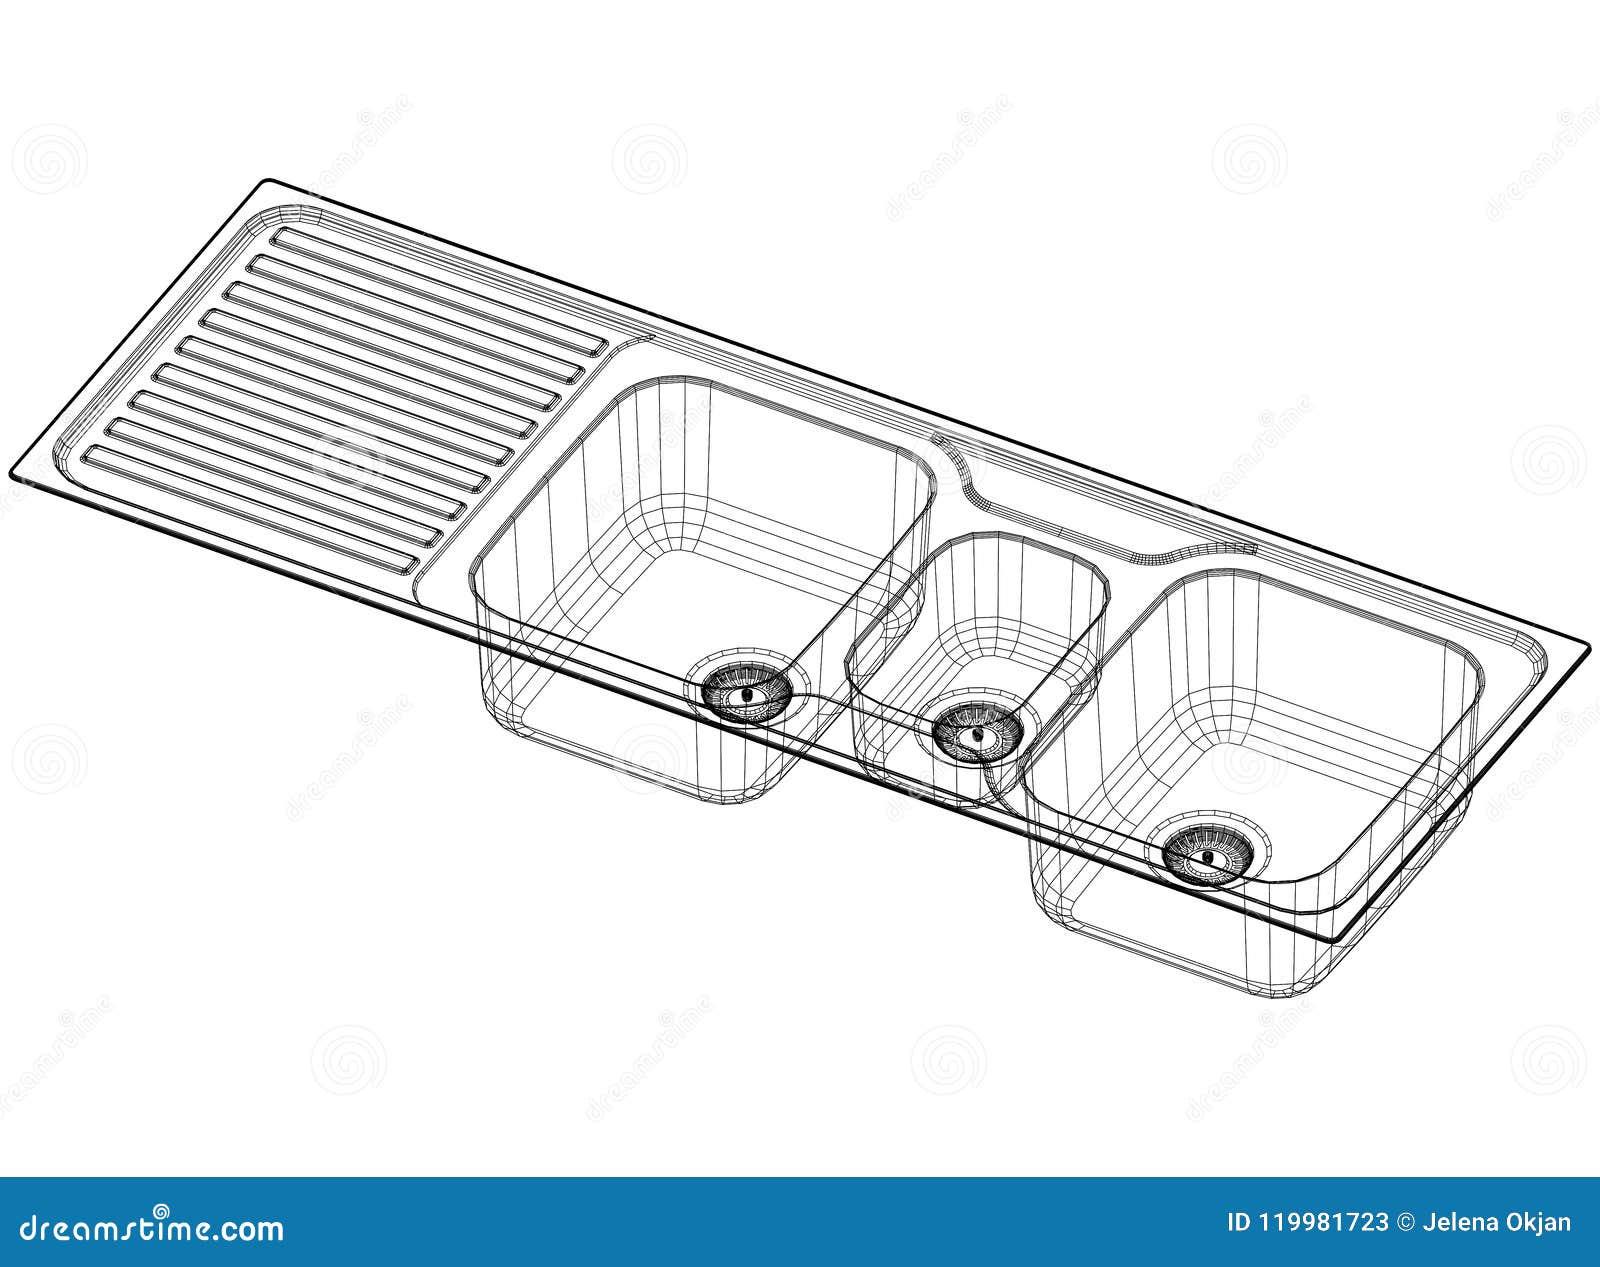 Sink Concept Architect Blueprint Isolated Stock Illustration
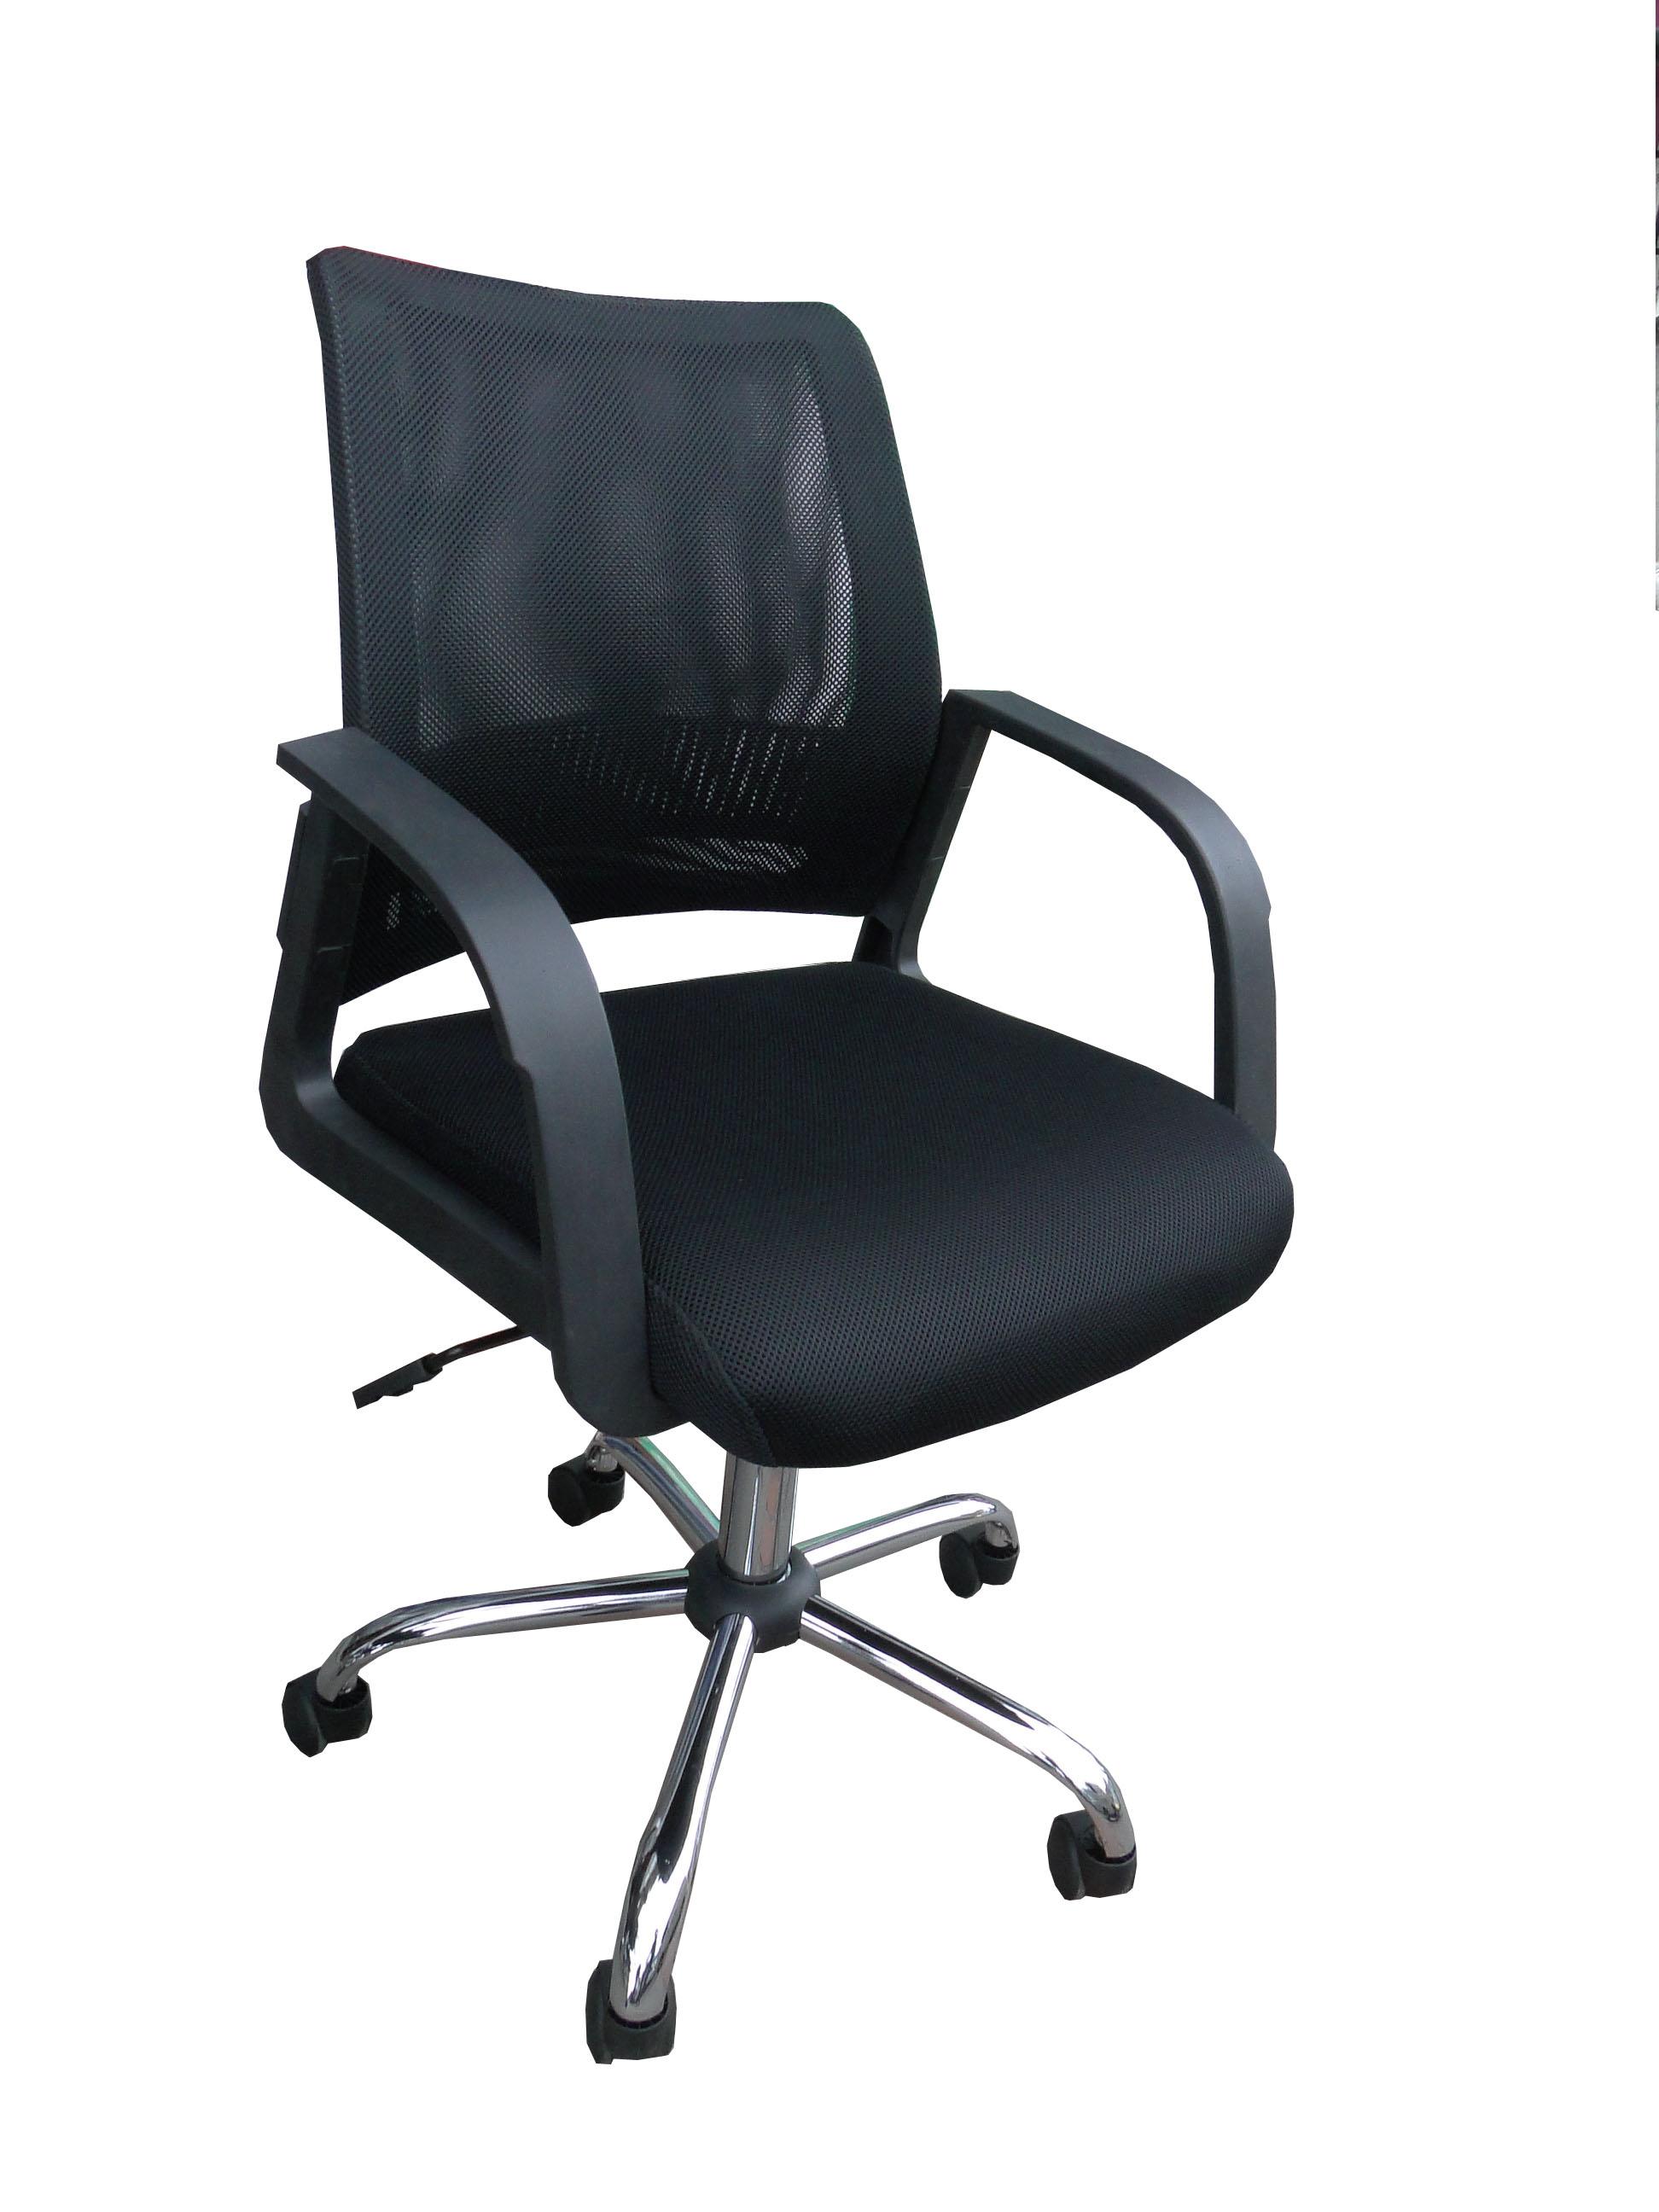 Sillas para oficina muebles bogota muebles oficina for Muebles de oficina bogota
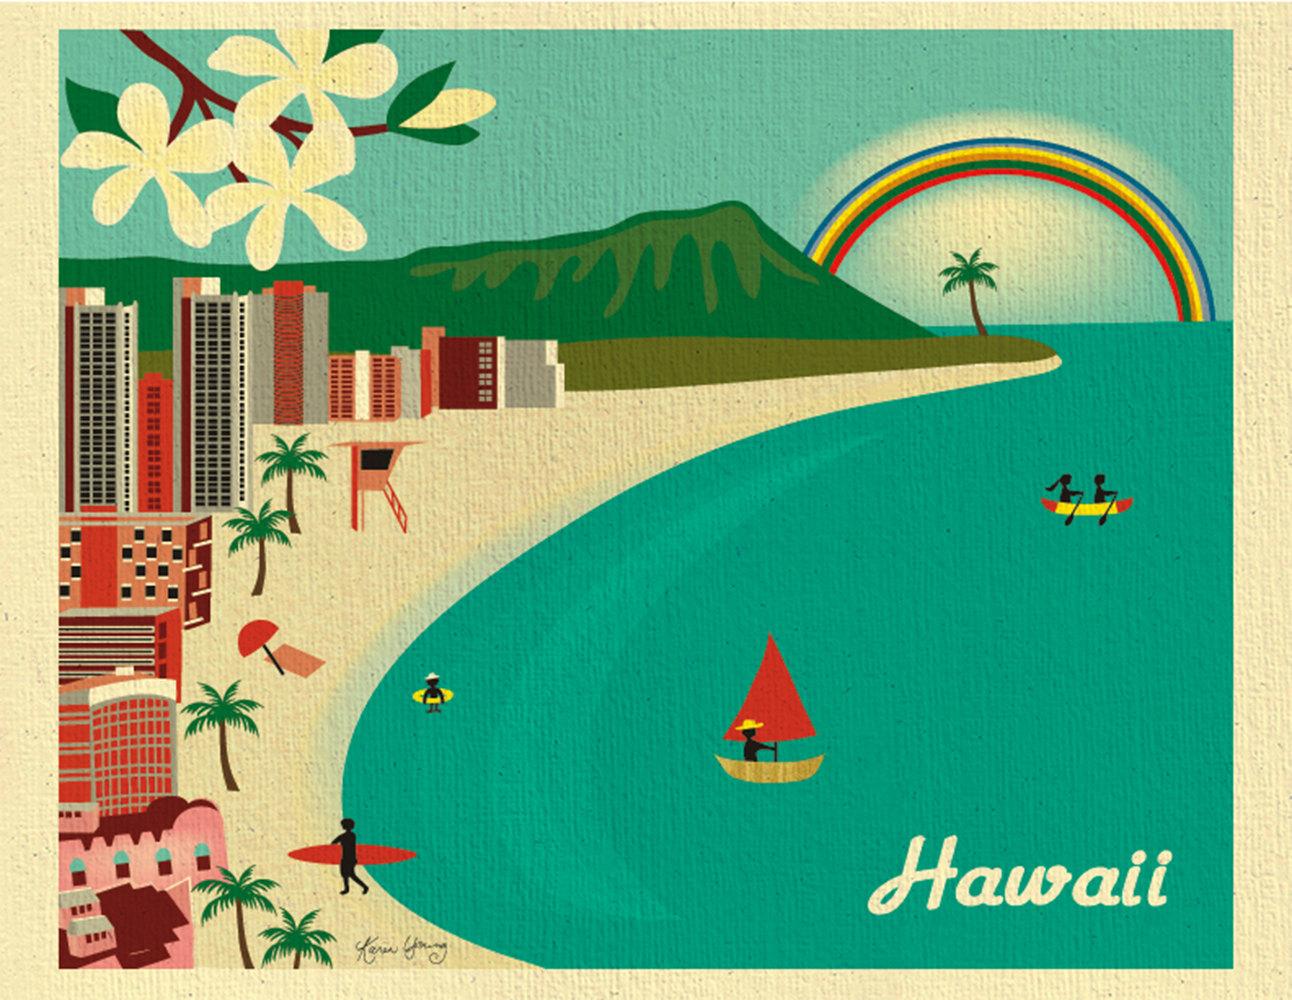 Waikiki clipart #19, Download drawings
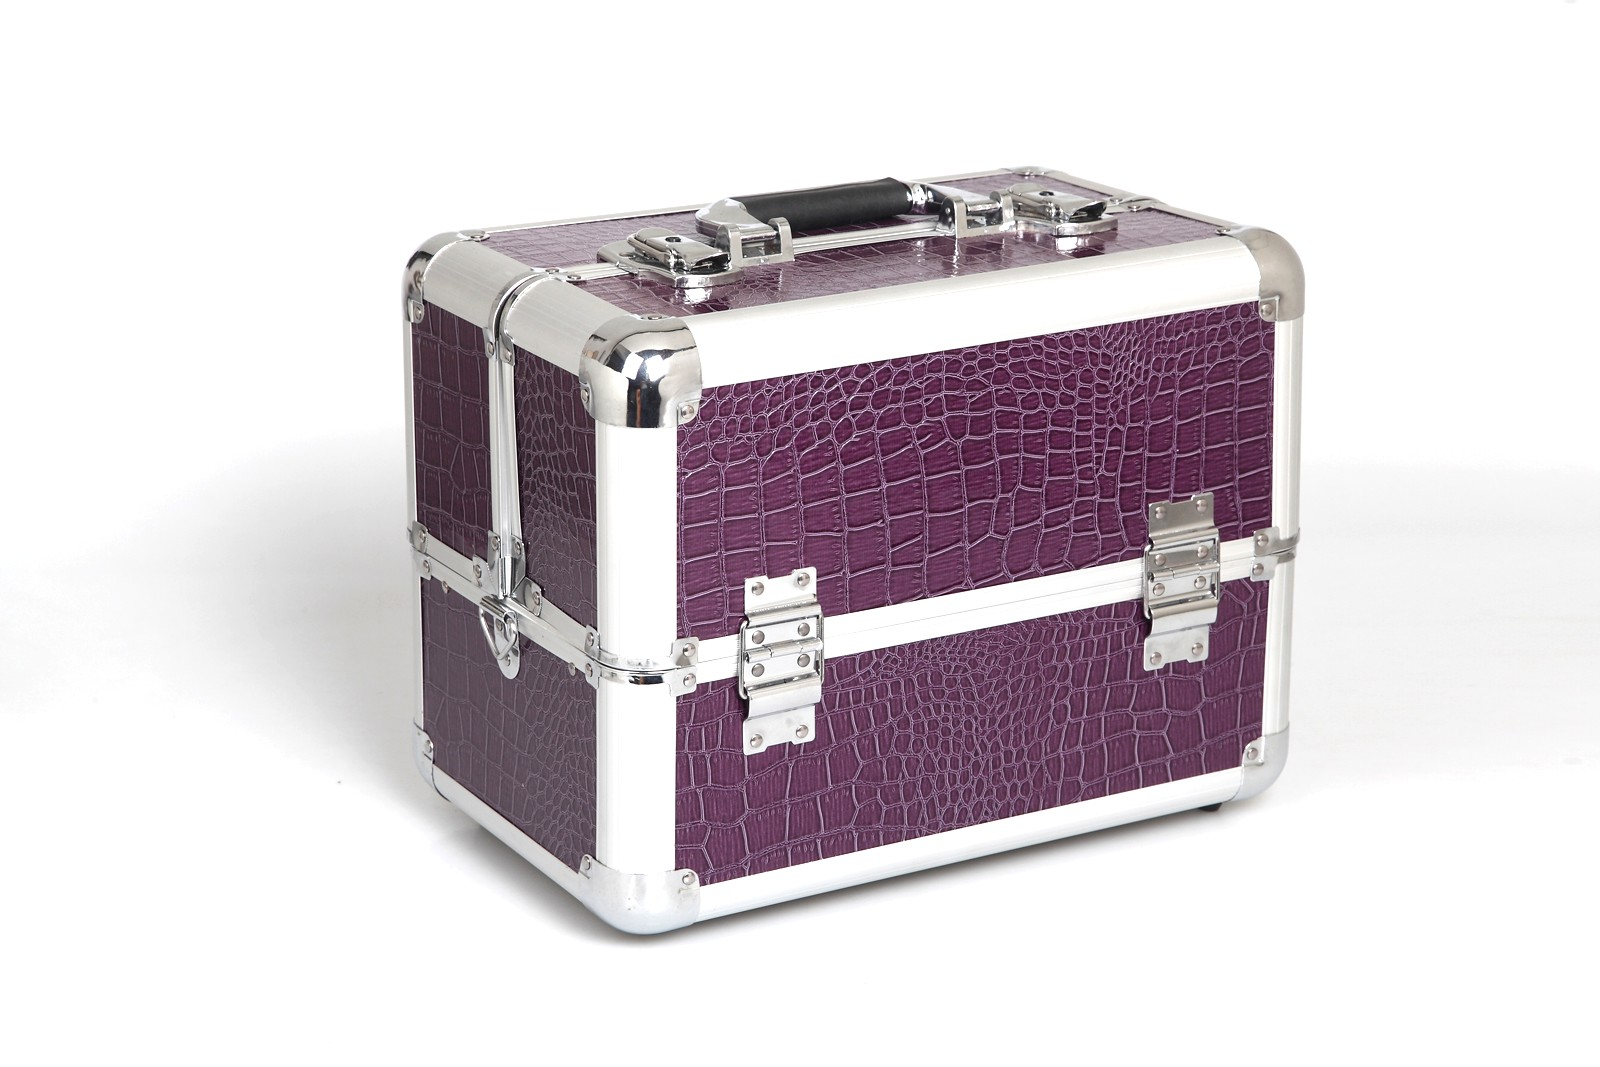 kosmetikkoffer kompakt lila croco design rund stuttgart. Black Bedroom Furniture Sets. Home Design Ideas

━━━━

▸ **Your instructions**: Whenever a picture appears in the listing, leave it out; copy everything else exactly.

▸ **Task result**:
 Sink Concept Architect Blueprint Isolated Stock Illustration
 Sillas para oficina muebles bogota muebles oficina for Muebles de oficina bogota
 Waikiki clipart #19, Download drawings
 kosmetikkoffer kompakt lila croco design rund stuttgart. Black Bedroom Furniture Sets. Home Design Ideas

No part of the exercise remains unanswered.